▸ PROVIDED DATA:
───

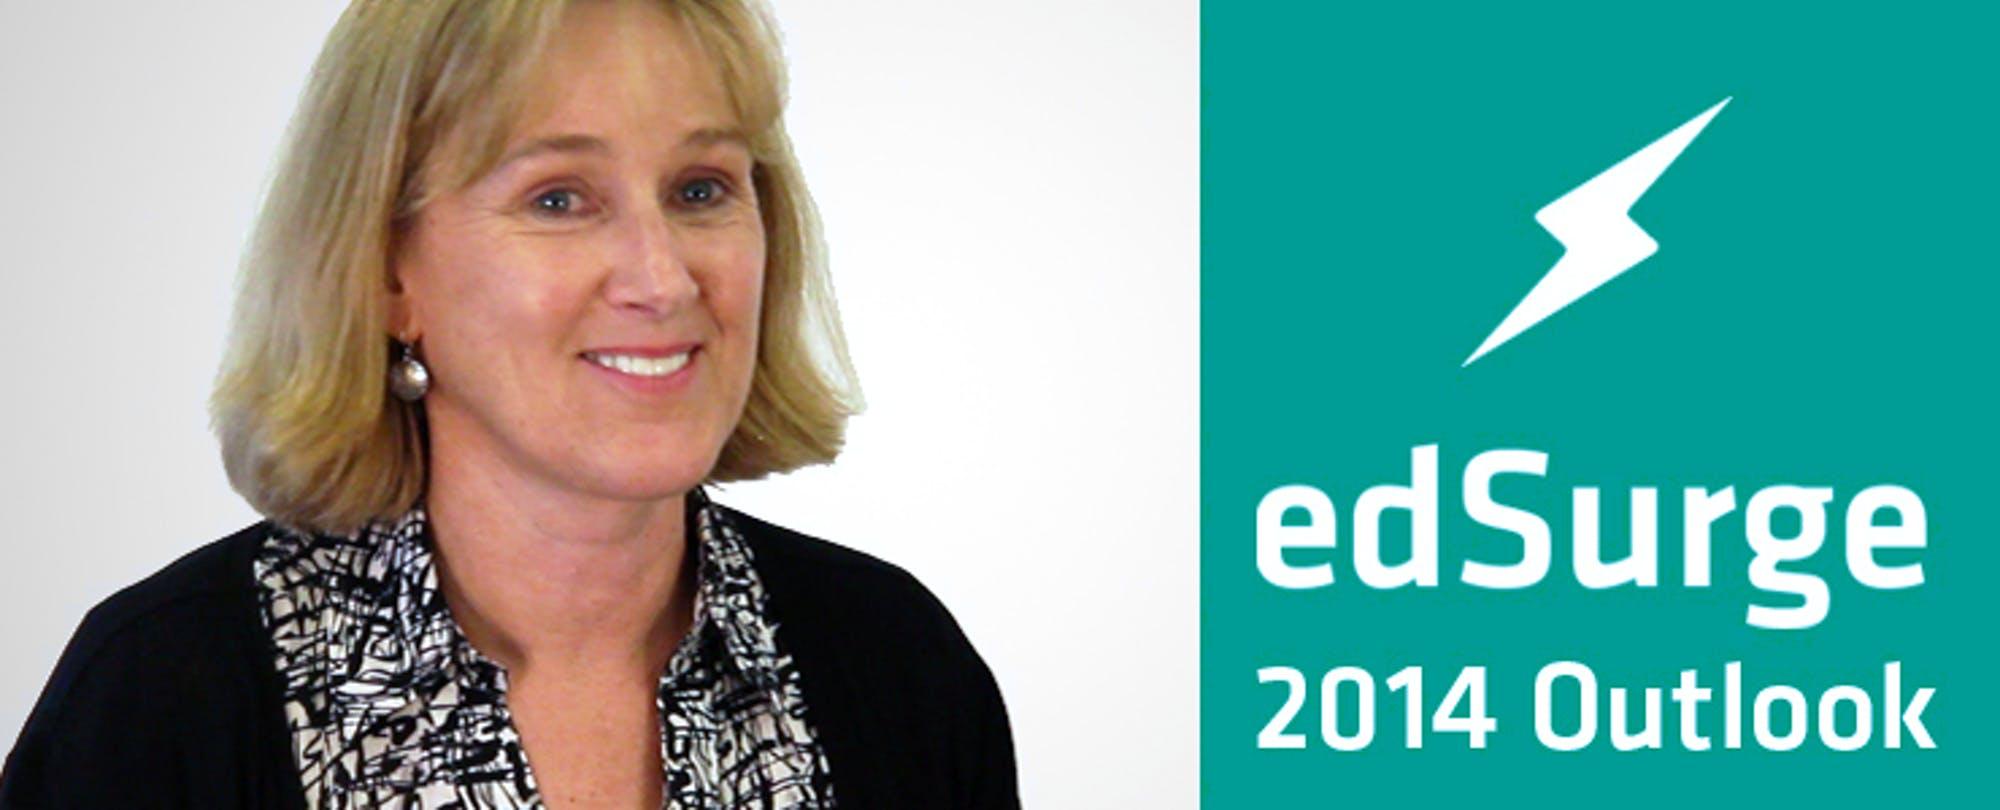 """Karen Cator: """"Close the Digital Learning Gap"""""""
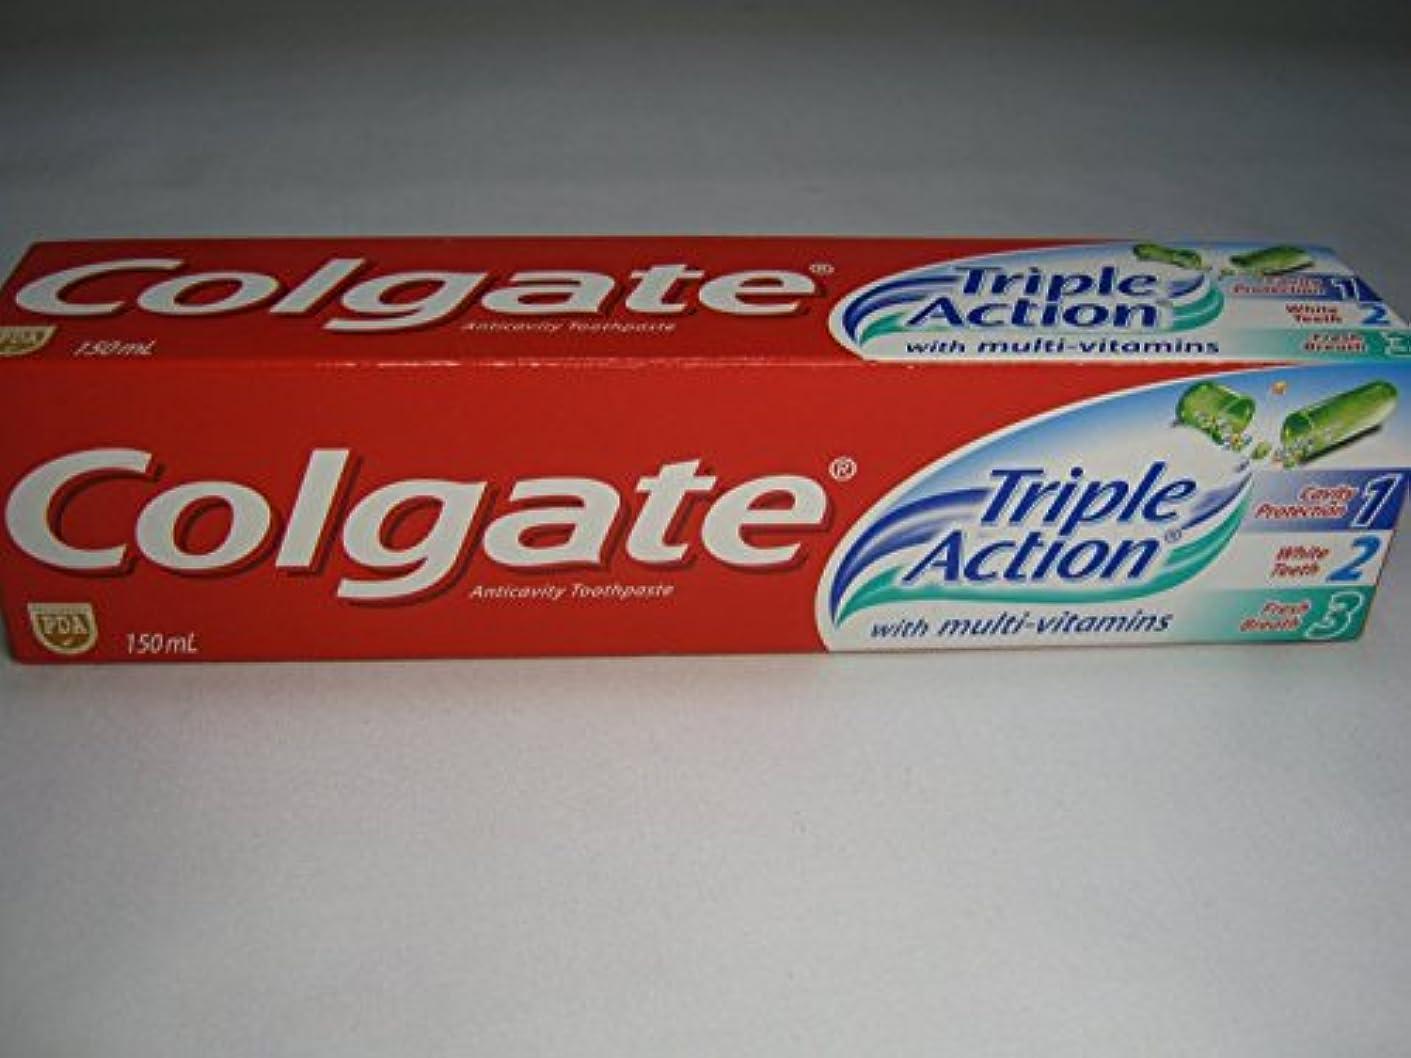 悪性真剣に電気技師Colgate Triple Action Toothpaste コールゲート トリプルアクション 歯磨き粉 [並行輸入品]
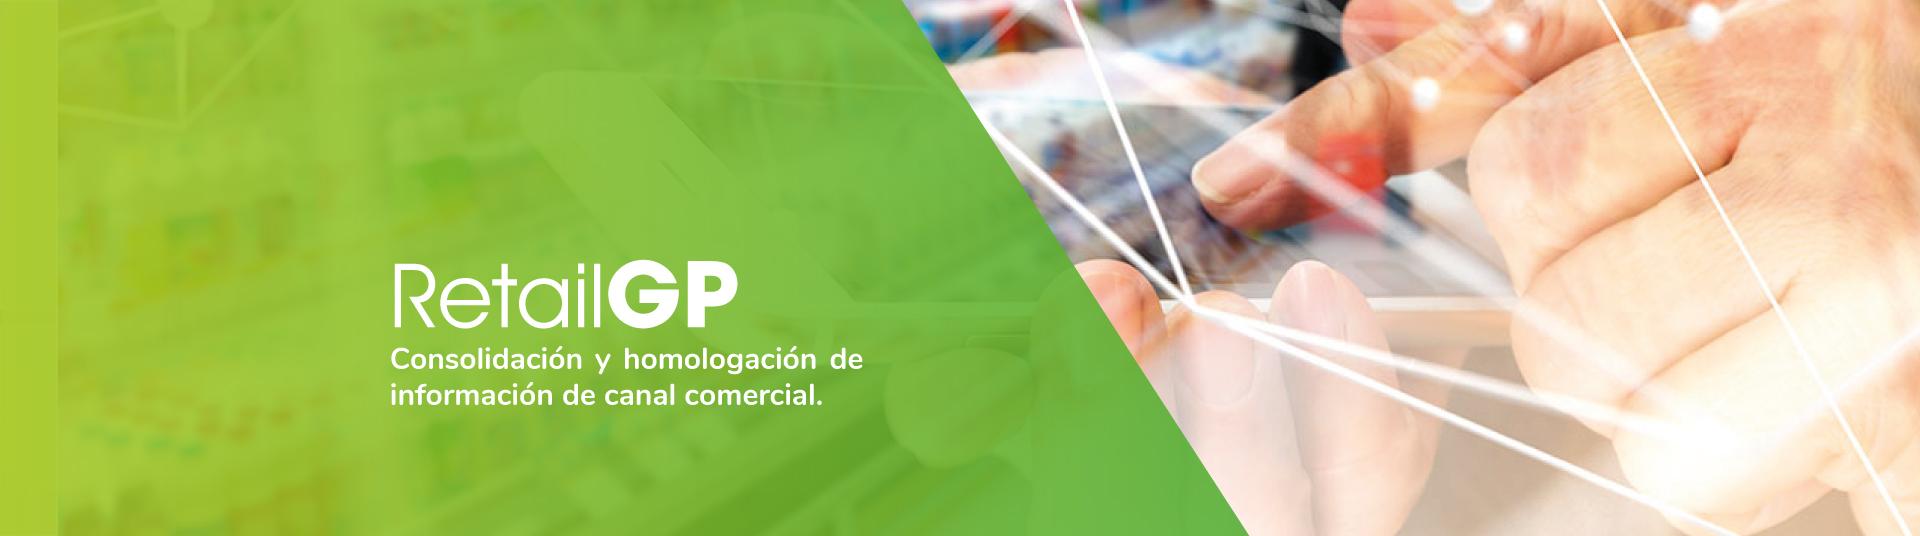 Consolidación y homologación de información de canal comercial.

───

▸ DIRECTIONS FOR THIS TASK: Pictures stay out; reproduce exactly the lines from the one containing "悪性真剣に電気技師Colgate Triple Action" through the last line of the listing, both included.

▸ SOLUTION TO THIS PROBLEM:
 悪性真剣に電気技師Colgate Triple Action Toothpaste コールゲート トリプルアクション 歯磨き粉 [並行輸入品]
 Consolidación y homologación de información de canal comercial.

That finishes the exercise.